> [Action item]
In the entries that follow, the lines from the one with "up close image" through the one with "Elixir Eau de Parfum från Elie Saab" are the ones to write out, exactly and with both ends included. Nothing else should appear.

--- Task inputs Enclosed Below ---

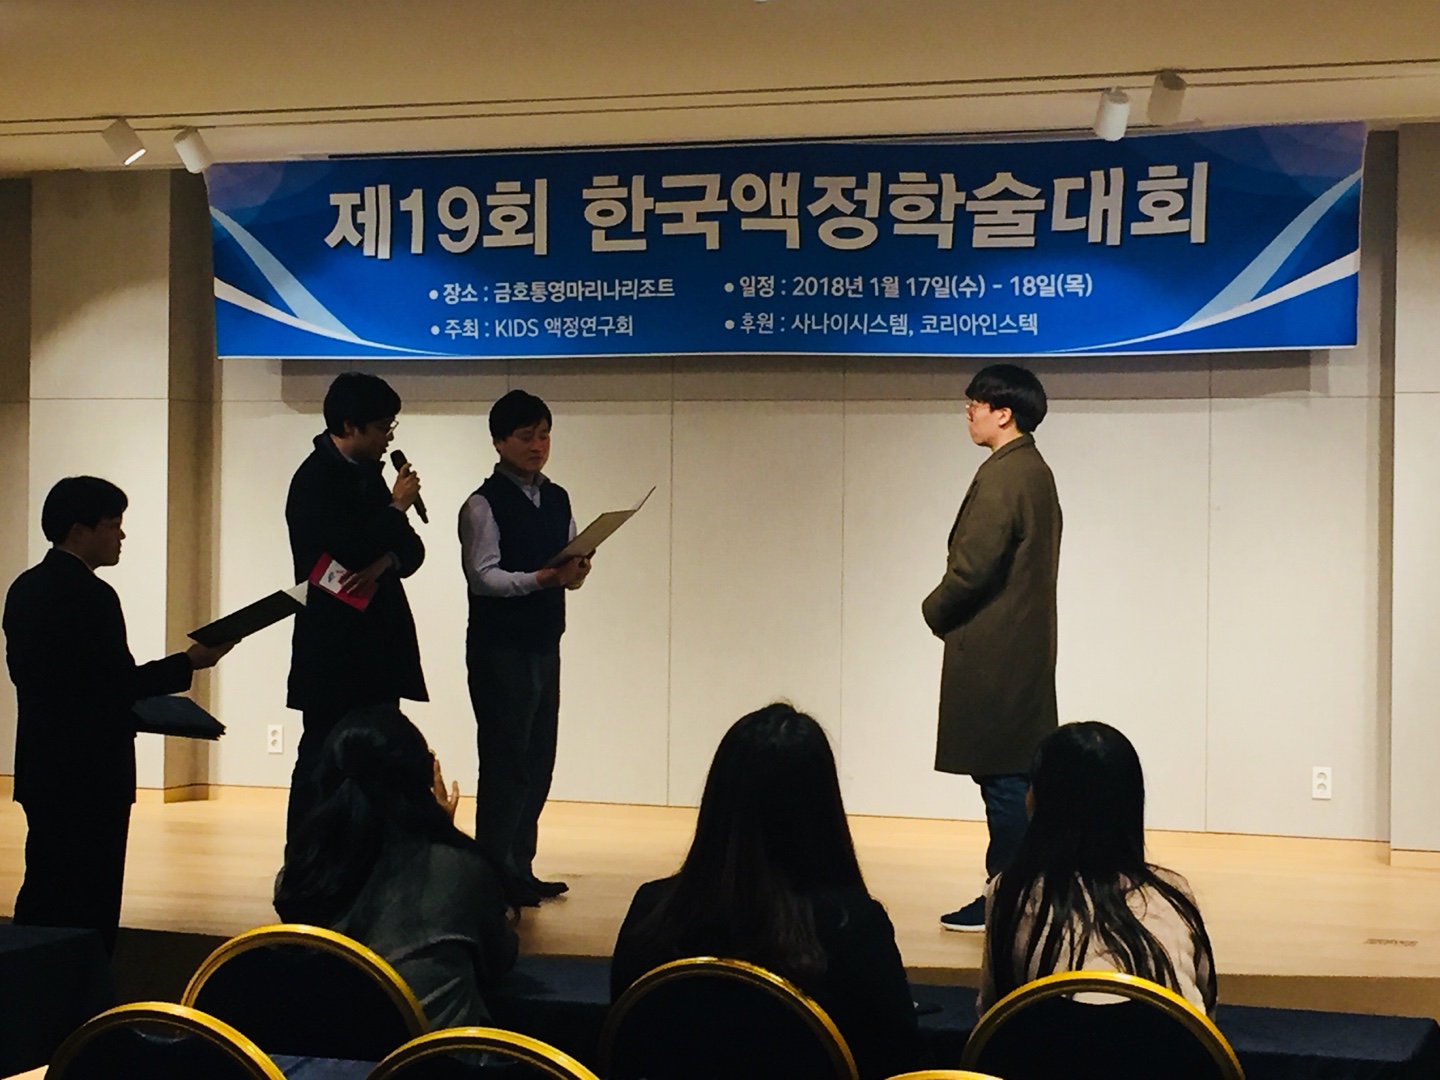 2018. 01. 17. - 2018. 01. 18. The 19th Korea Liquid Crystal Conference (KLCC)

--- End of Enclosed Task inputs ---
--- Task inputs Enclosed Below ---

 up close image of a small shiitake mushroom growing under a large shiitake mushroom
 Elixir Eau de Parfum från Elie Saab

--- End of Enclosed Task inputs ---
--- Task inputs Enclosed Below ---

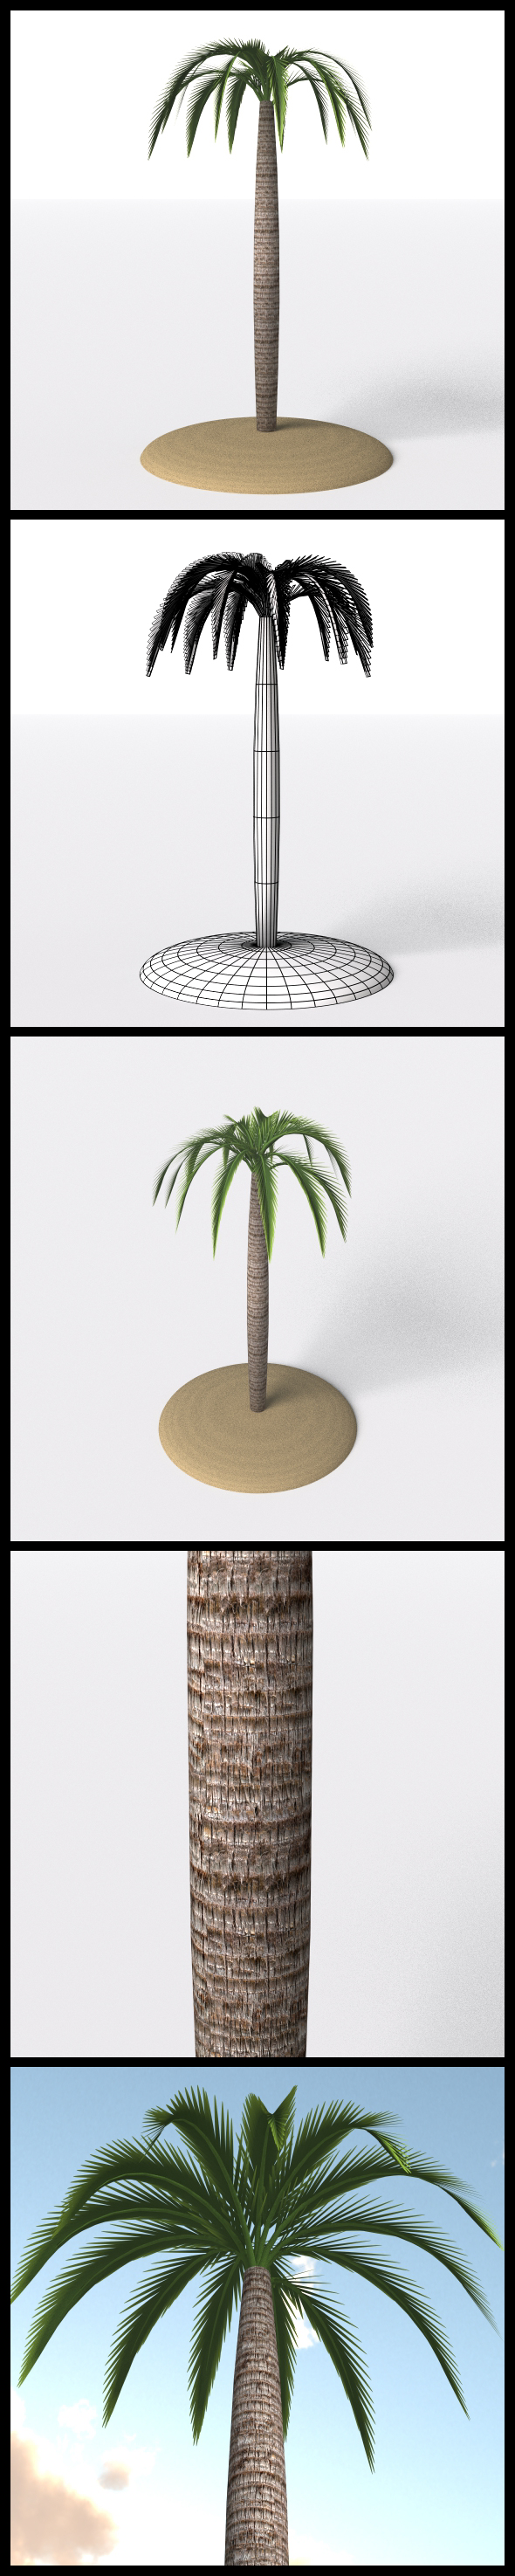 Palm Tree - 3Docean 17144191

--- End of Enclosed Task inputs ---

> [Solution to this exercise]
 up close image of a small shiitake mushroom growing under a large shiitake mushroom
 Elixir Eau de Parfum från Elie Saab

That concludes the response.